» **Exercise directions**
Please, without the pictures, restate every entry exactly.

» **Source data**
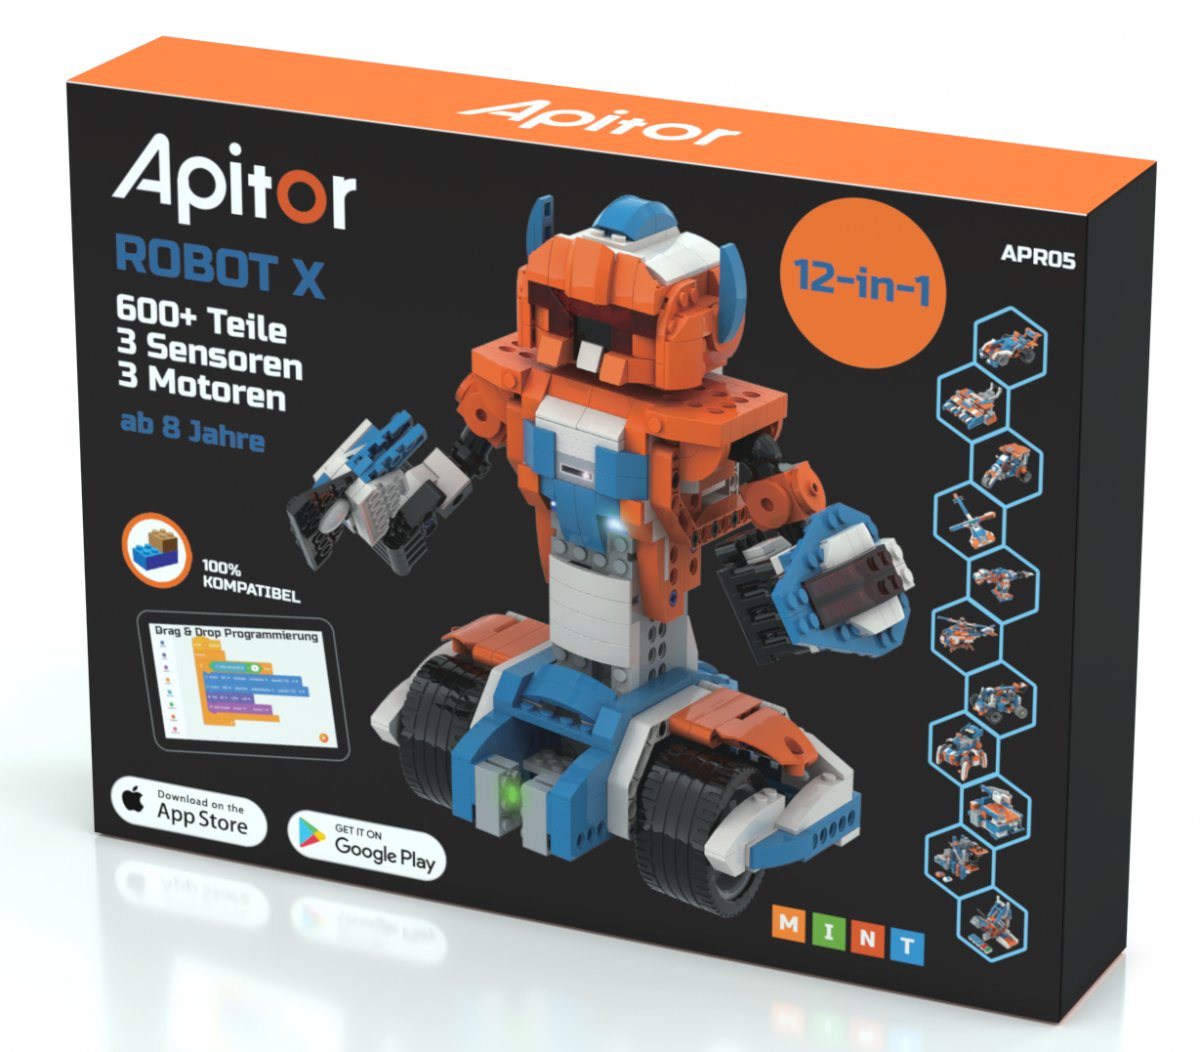 Apitor Robot X heißt das programmierbare Baustein-Set mit vielen Spiel- und Programmiermöglichkeiten. von Open Brick Source
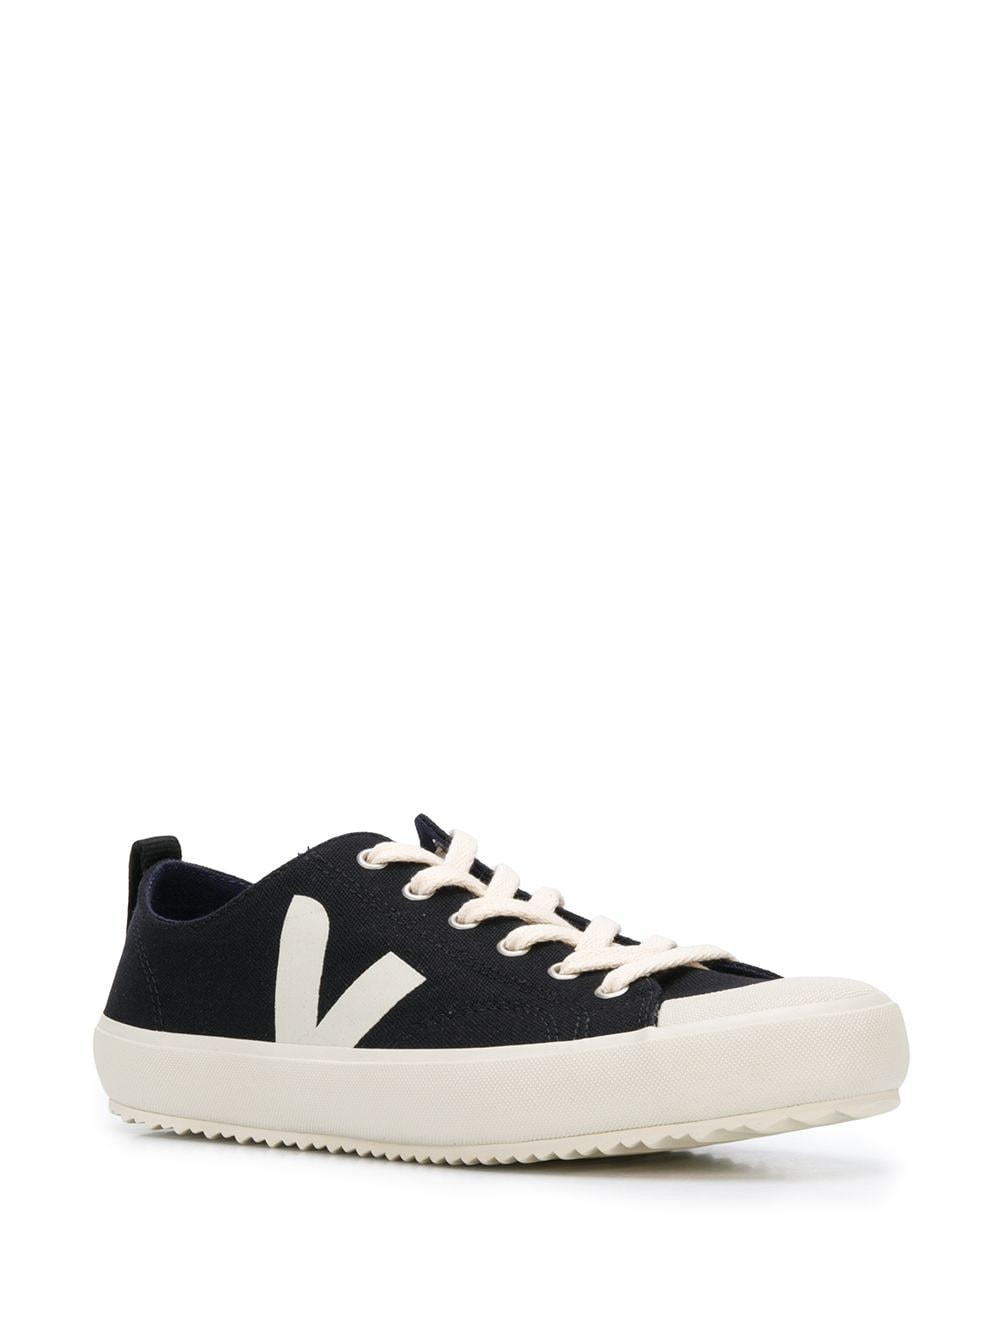 Veja Sneakers Nova  NA011397 BLACKPIERRE - Nuova Collezione Primavera Estate 2021
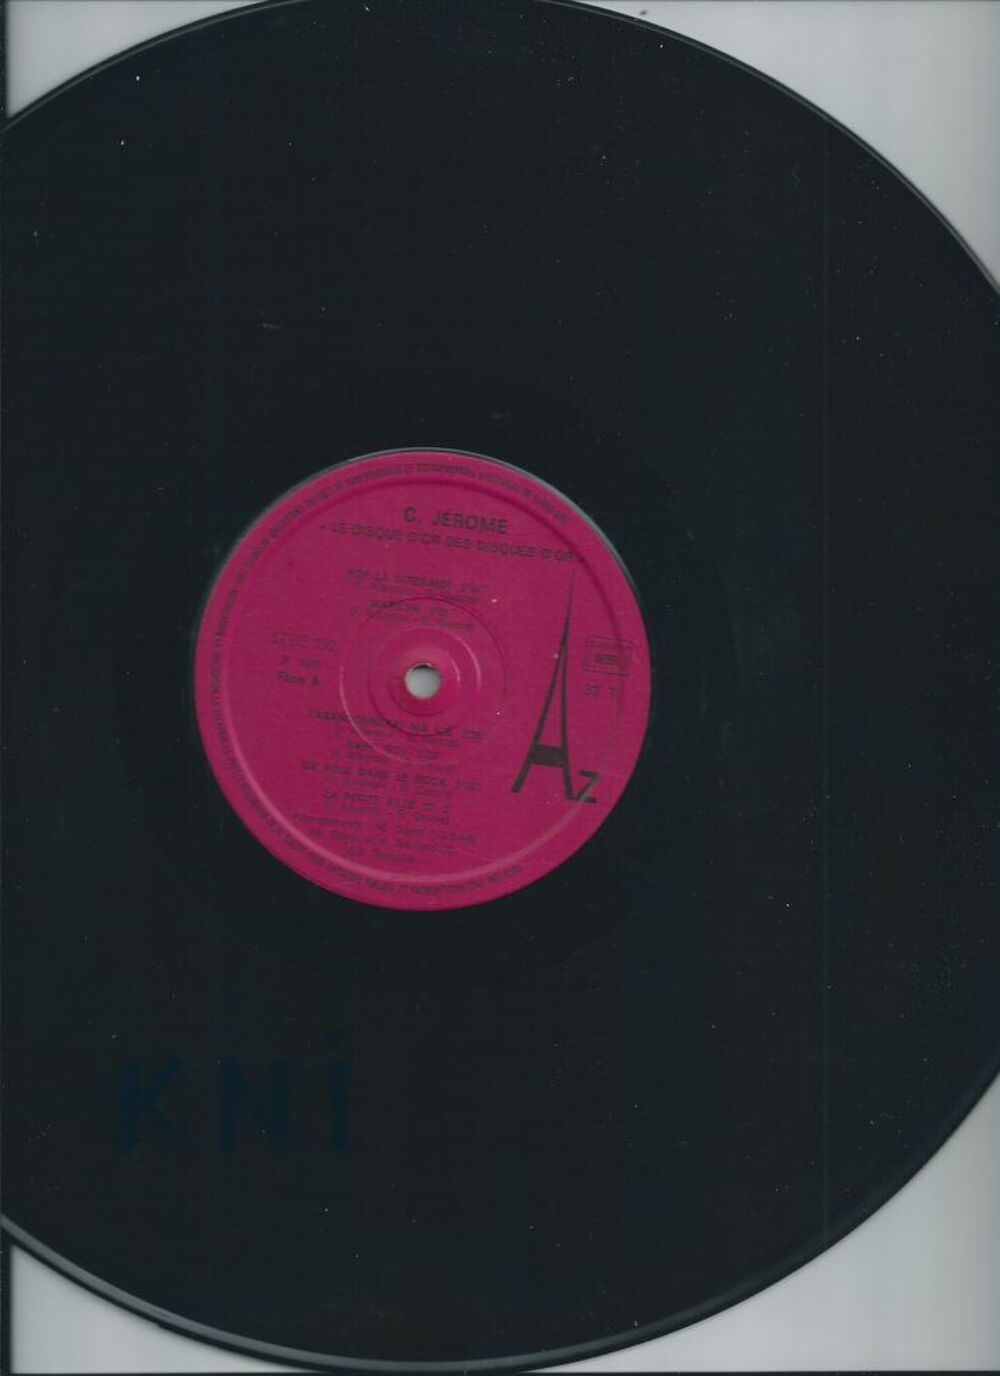 Vinyle 33T , C Jerome ,Hop la dites moi 1975 CD et vinyles
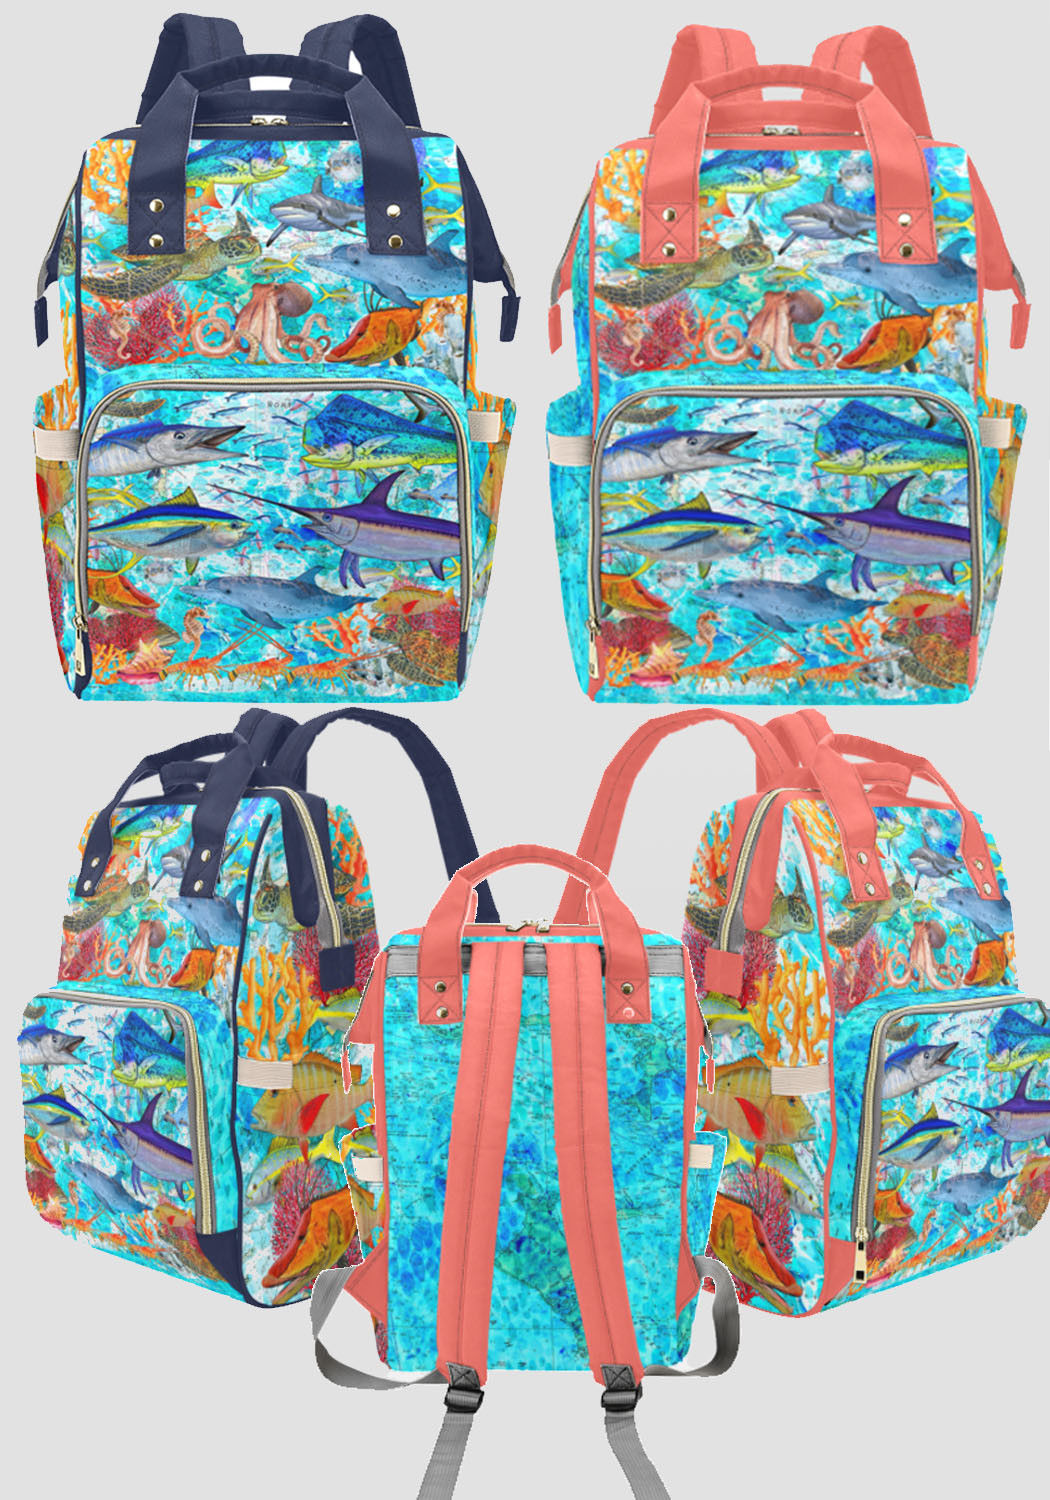 REEF Ocean Multi-Function Backpack or diaper bag - Sporty Girl Apparel
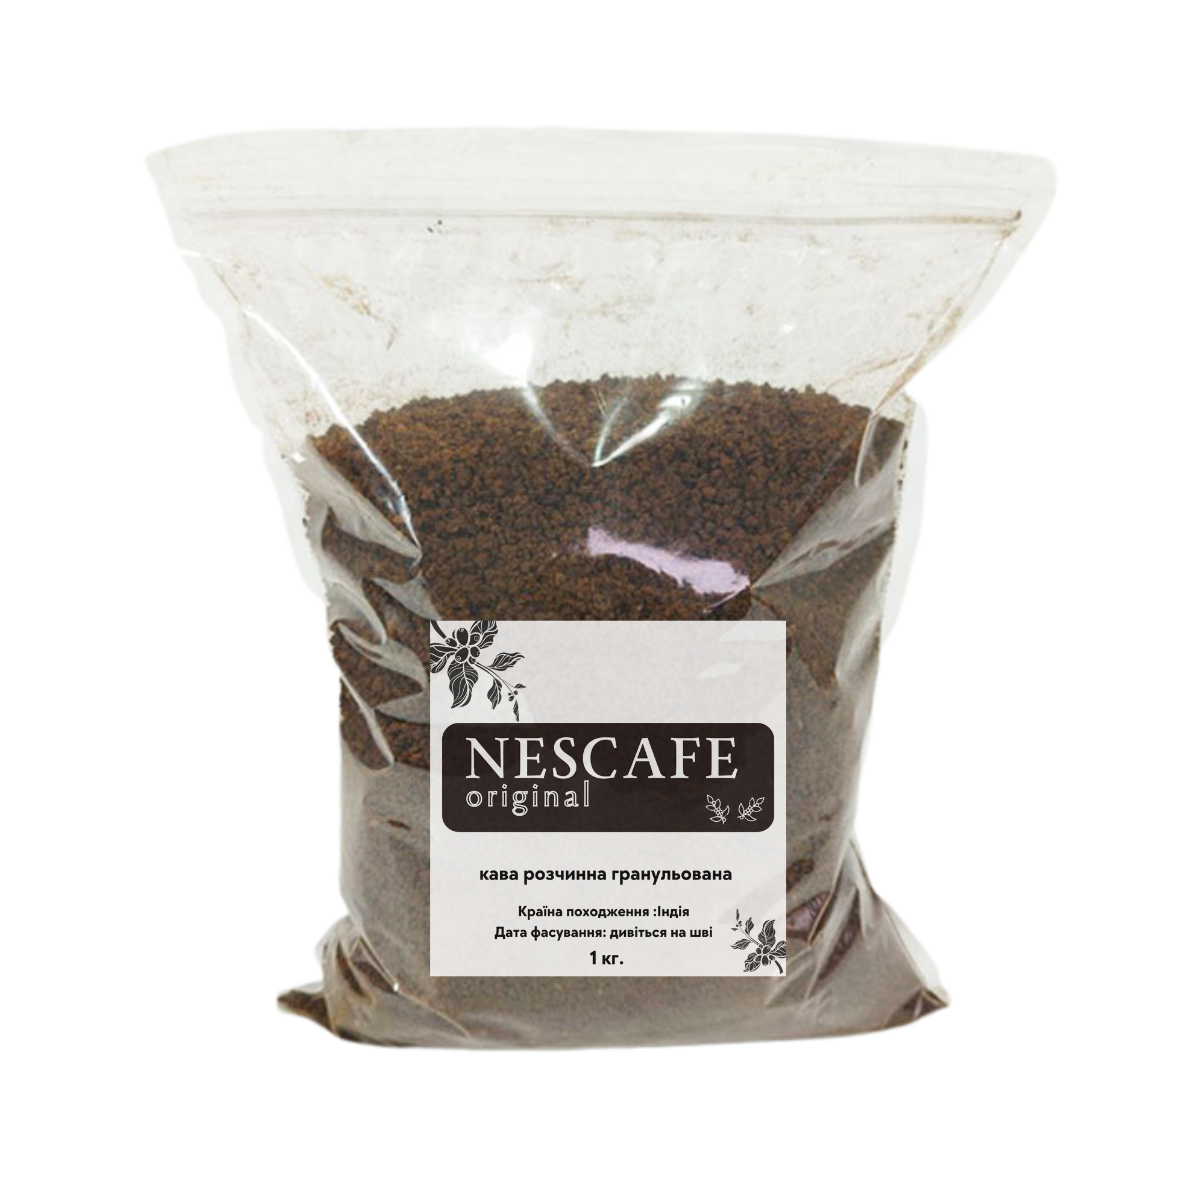 Кава розчинна гранульована «Nescafe Original», 1кг

» **Written answer**
 Apitor Robot X heißt das programmierbare Baustein-Set mit vielen Spiel- und Programmiermöglichkeiten. von Open Brick Source
 Veja Sneakers Nova  NA011397 BLACKPIERRE - Nuova Collezione Primavera Estate 2021
 Vinyle 33T , C Jerome ,Hop la dites moi 1975 CD et vinyles
 REEF Ocean Multi-Function Backpack or diaper bag - Sporty Girl Apparel
 Кава розчинна гранульована «Nescafe Original», 1кг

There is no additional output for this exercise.